Exercise inputs:
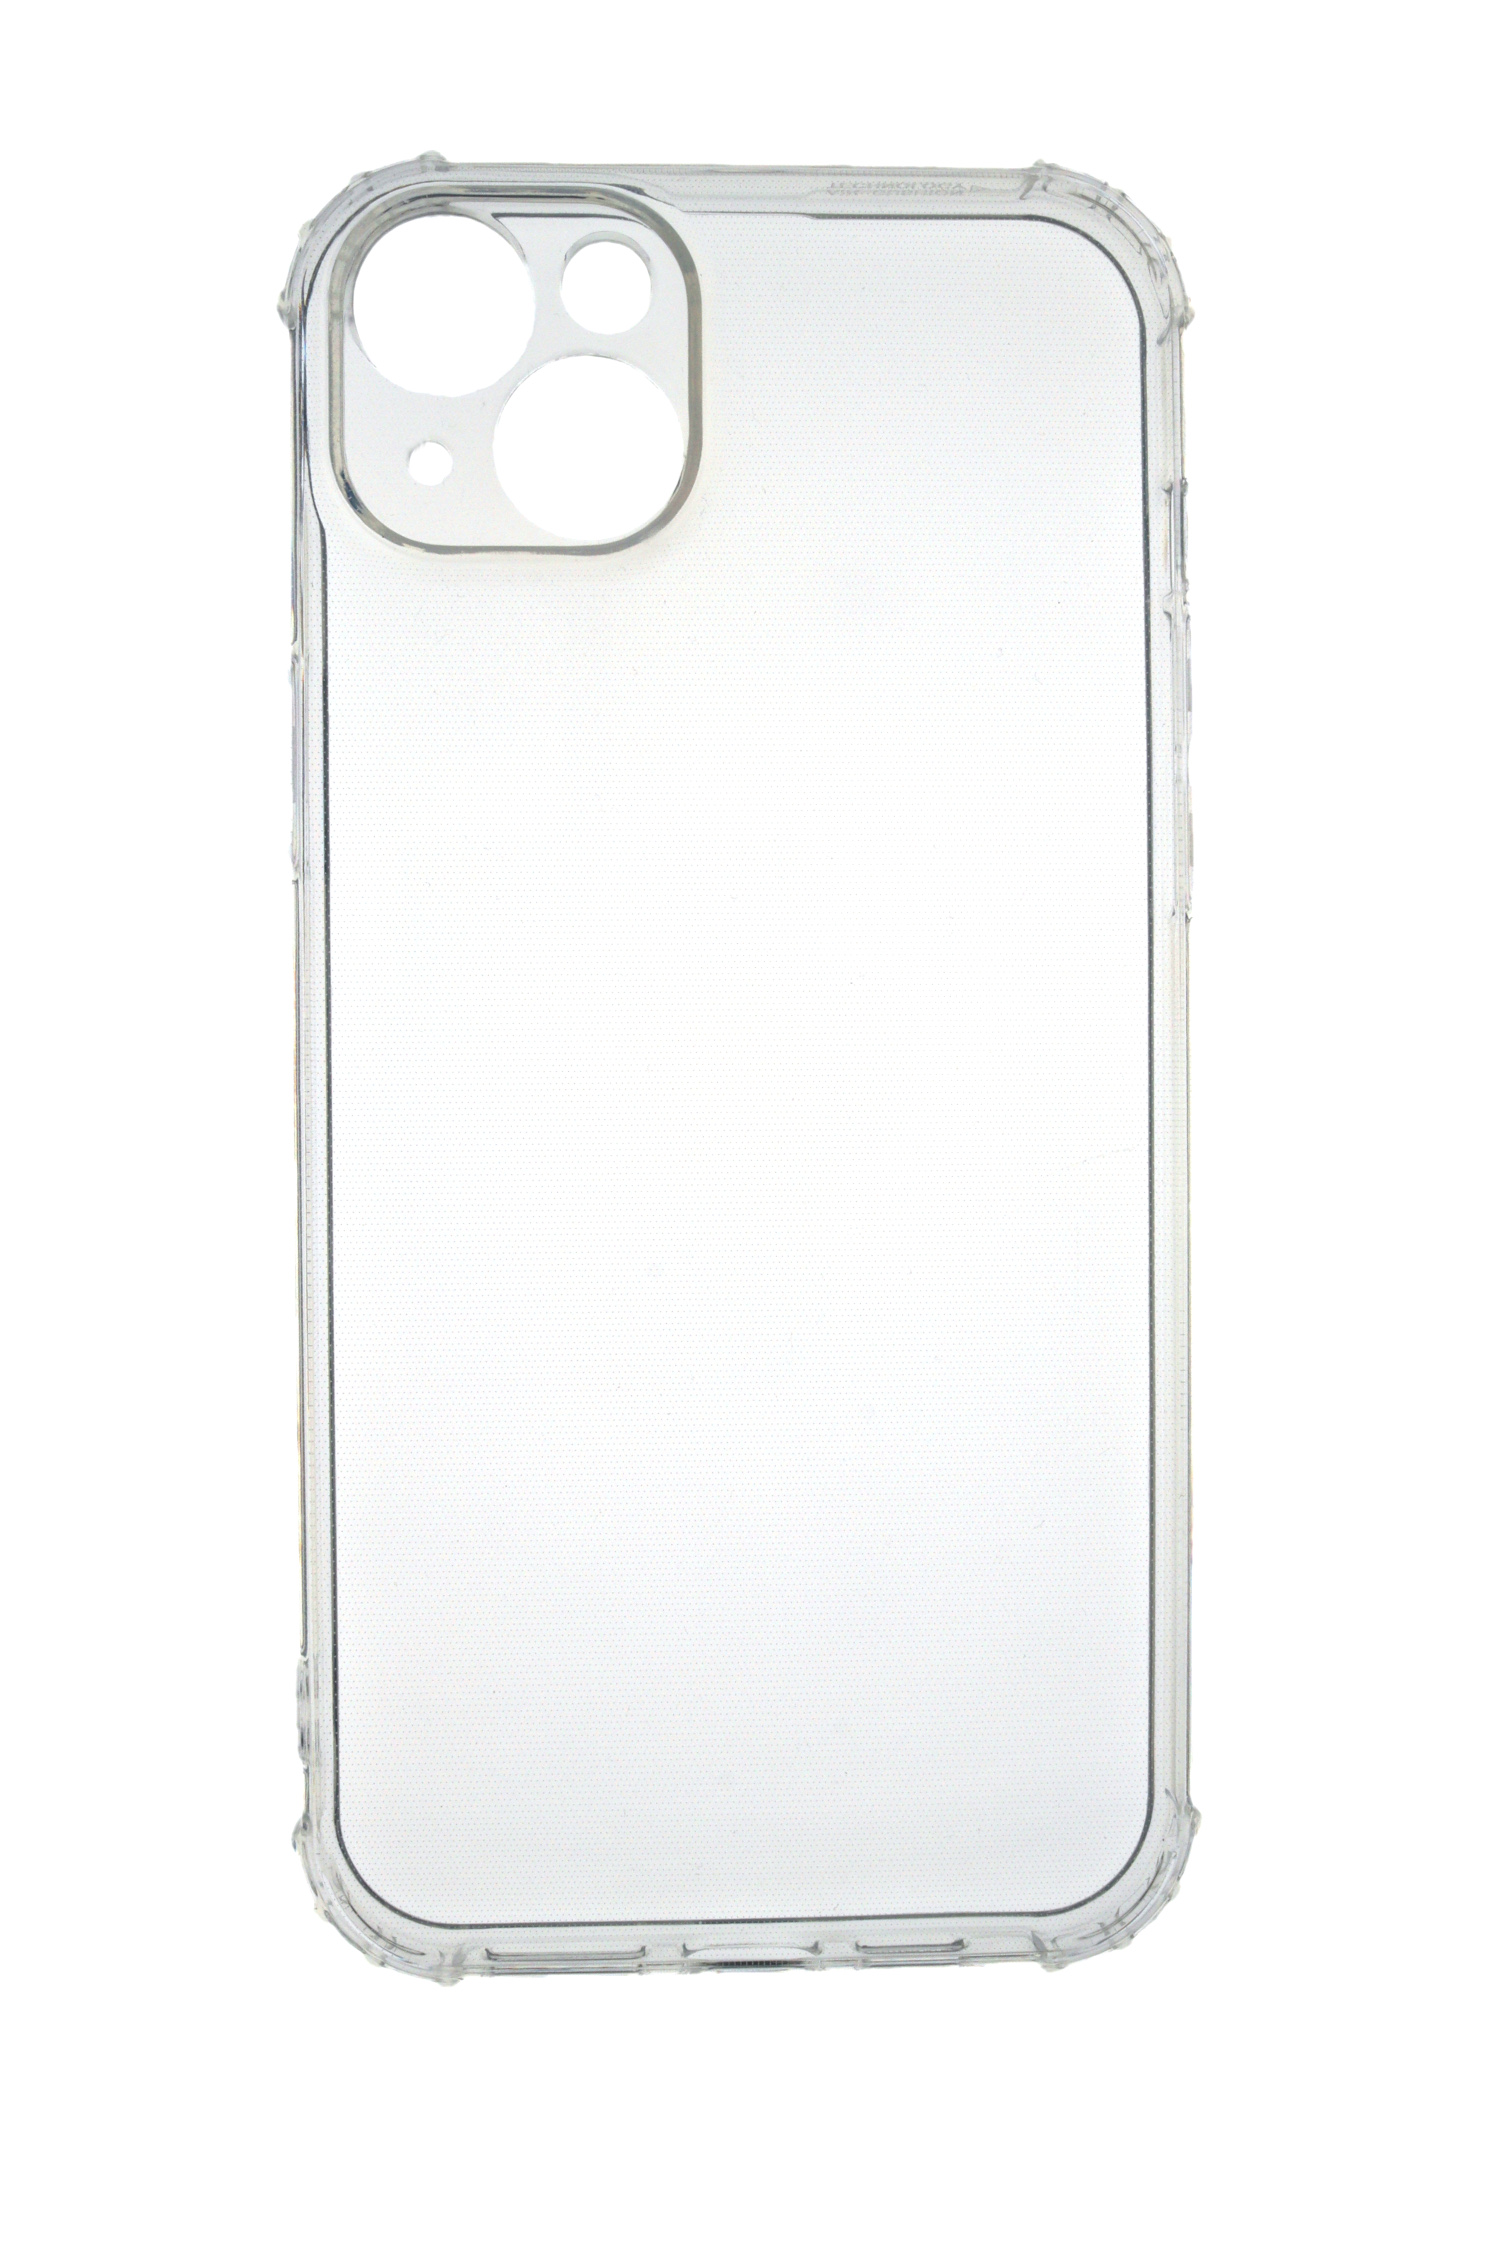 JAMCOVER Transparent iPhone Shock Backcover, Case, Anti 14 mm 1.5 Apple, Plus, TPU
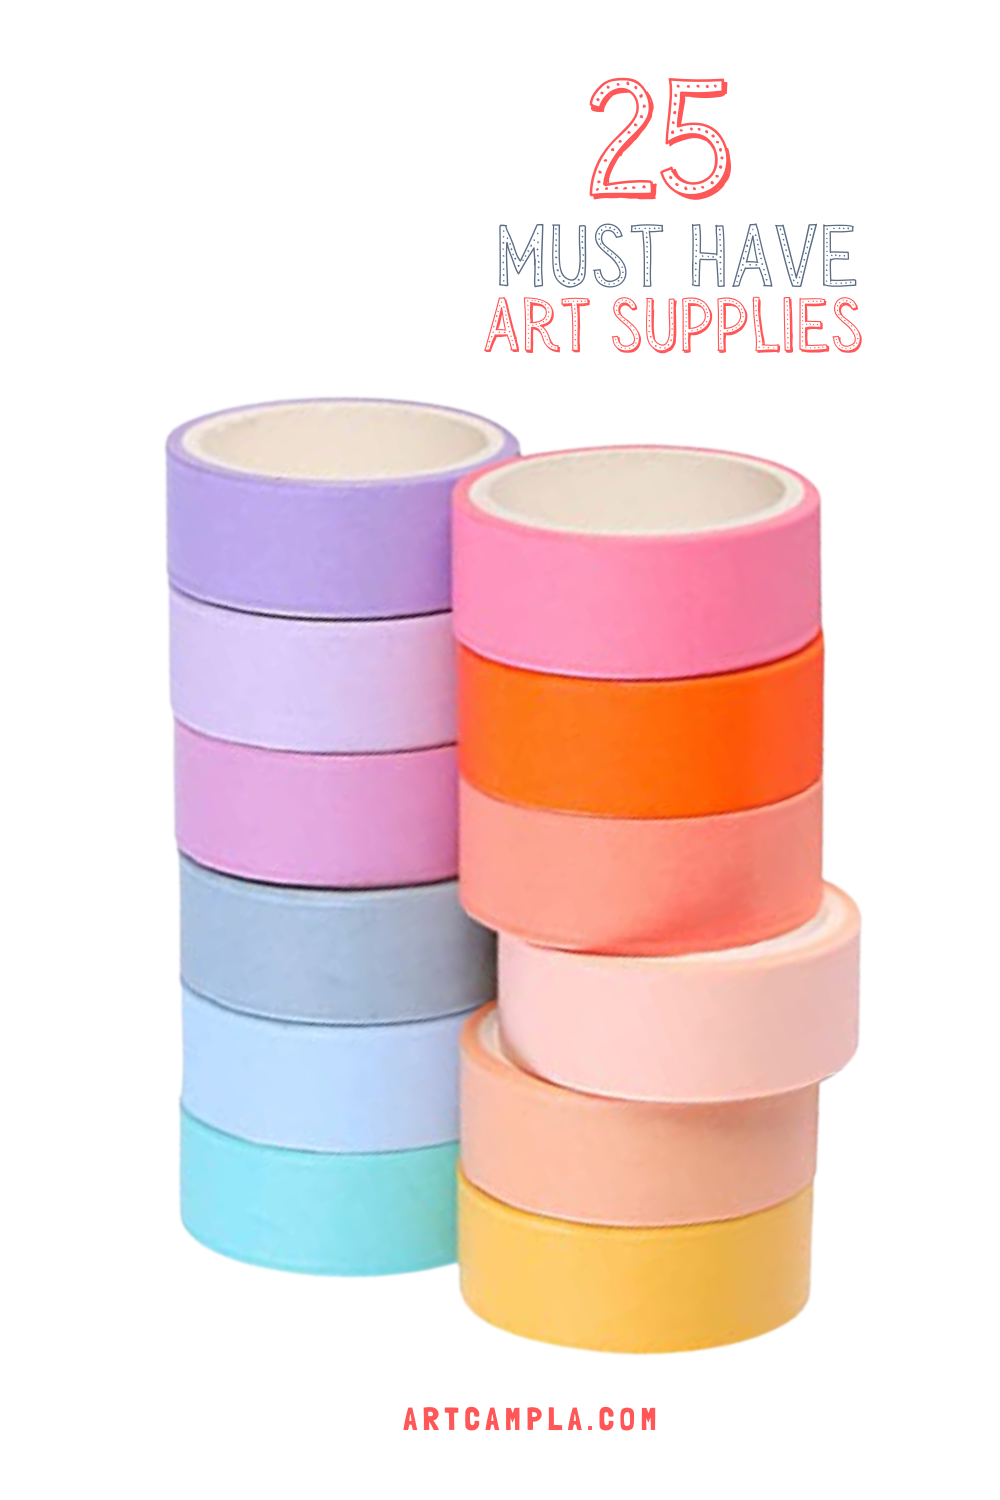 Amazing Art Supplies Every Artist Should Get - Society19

---

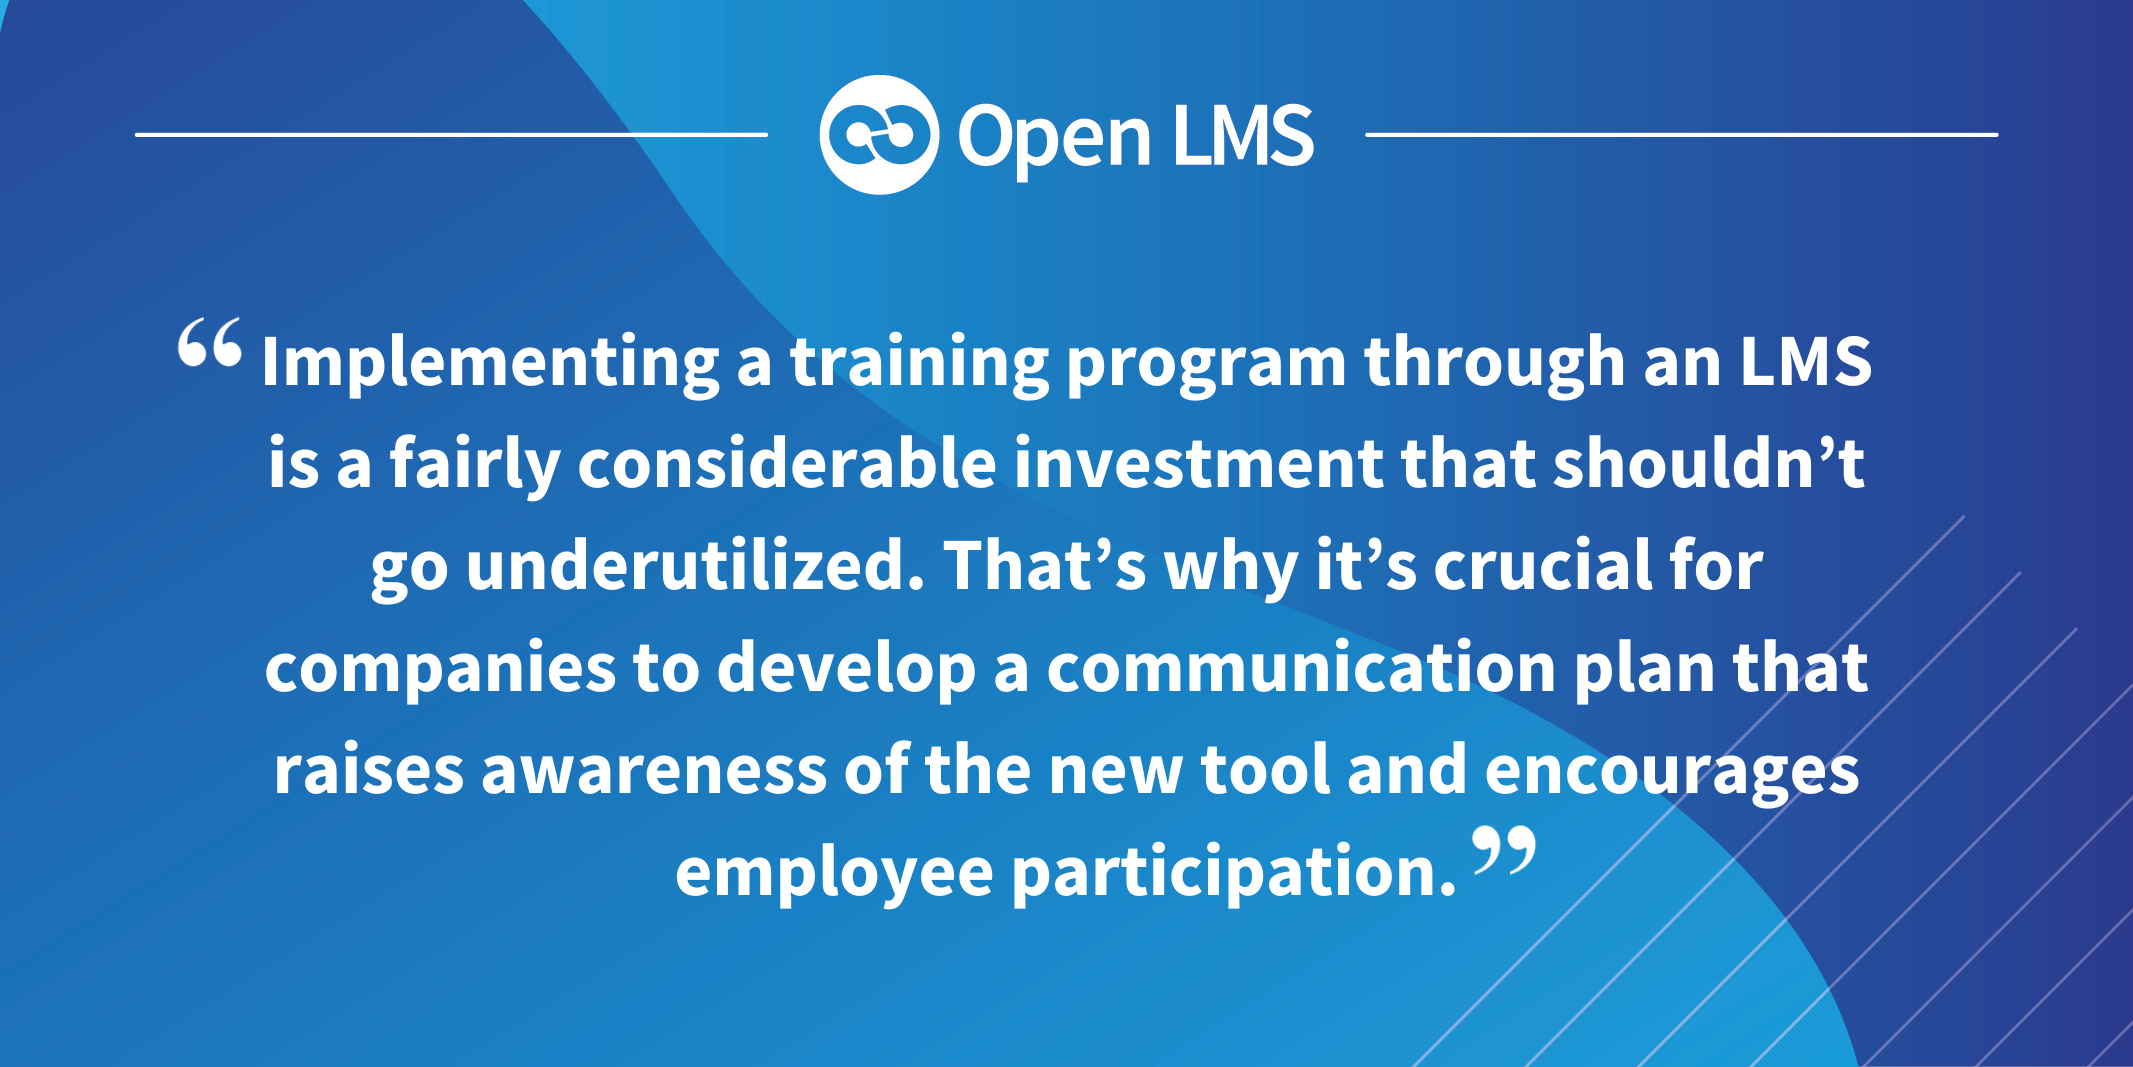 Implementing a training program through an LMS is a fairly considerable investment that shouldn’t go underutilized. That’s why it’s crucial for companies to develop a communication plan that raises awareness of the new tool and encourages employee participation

--

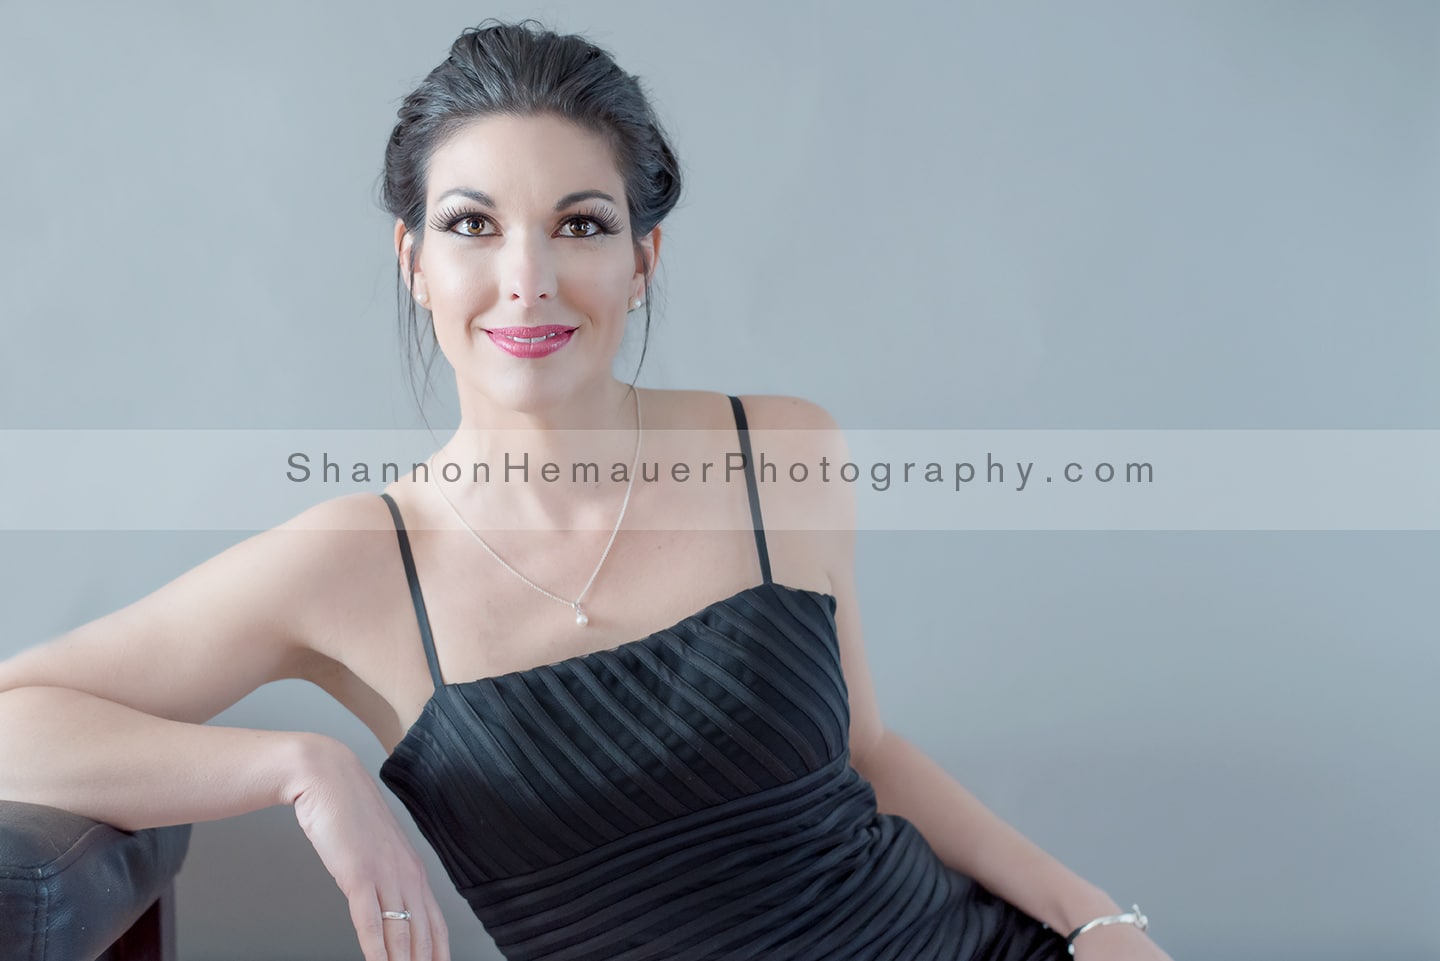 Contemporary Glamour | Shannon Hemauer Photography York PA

About this task: Within the material above, find the part that opens with the line containing "JAMCOVER Transparent iPhone" and closes with the line containing "Amazing Art Supplies", and reproduce it exactly without the pictures.

Written reply:
 JAMCOVER Transparent iPhone Shock Backcover, Case, Anti 14 mm 1.5 Apple, Plus, TPU
 Amazing Art Supplies Every Artist Should Get - Society19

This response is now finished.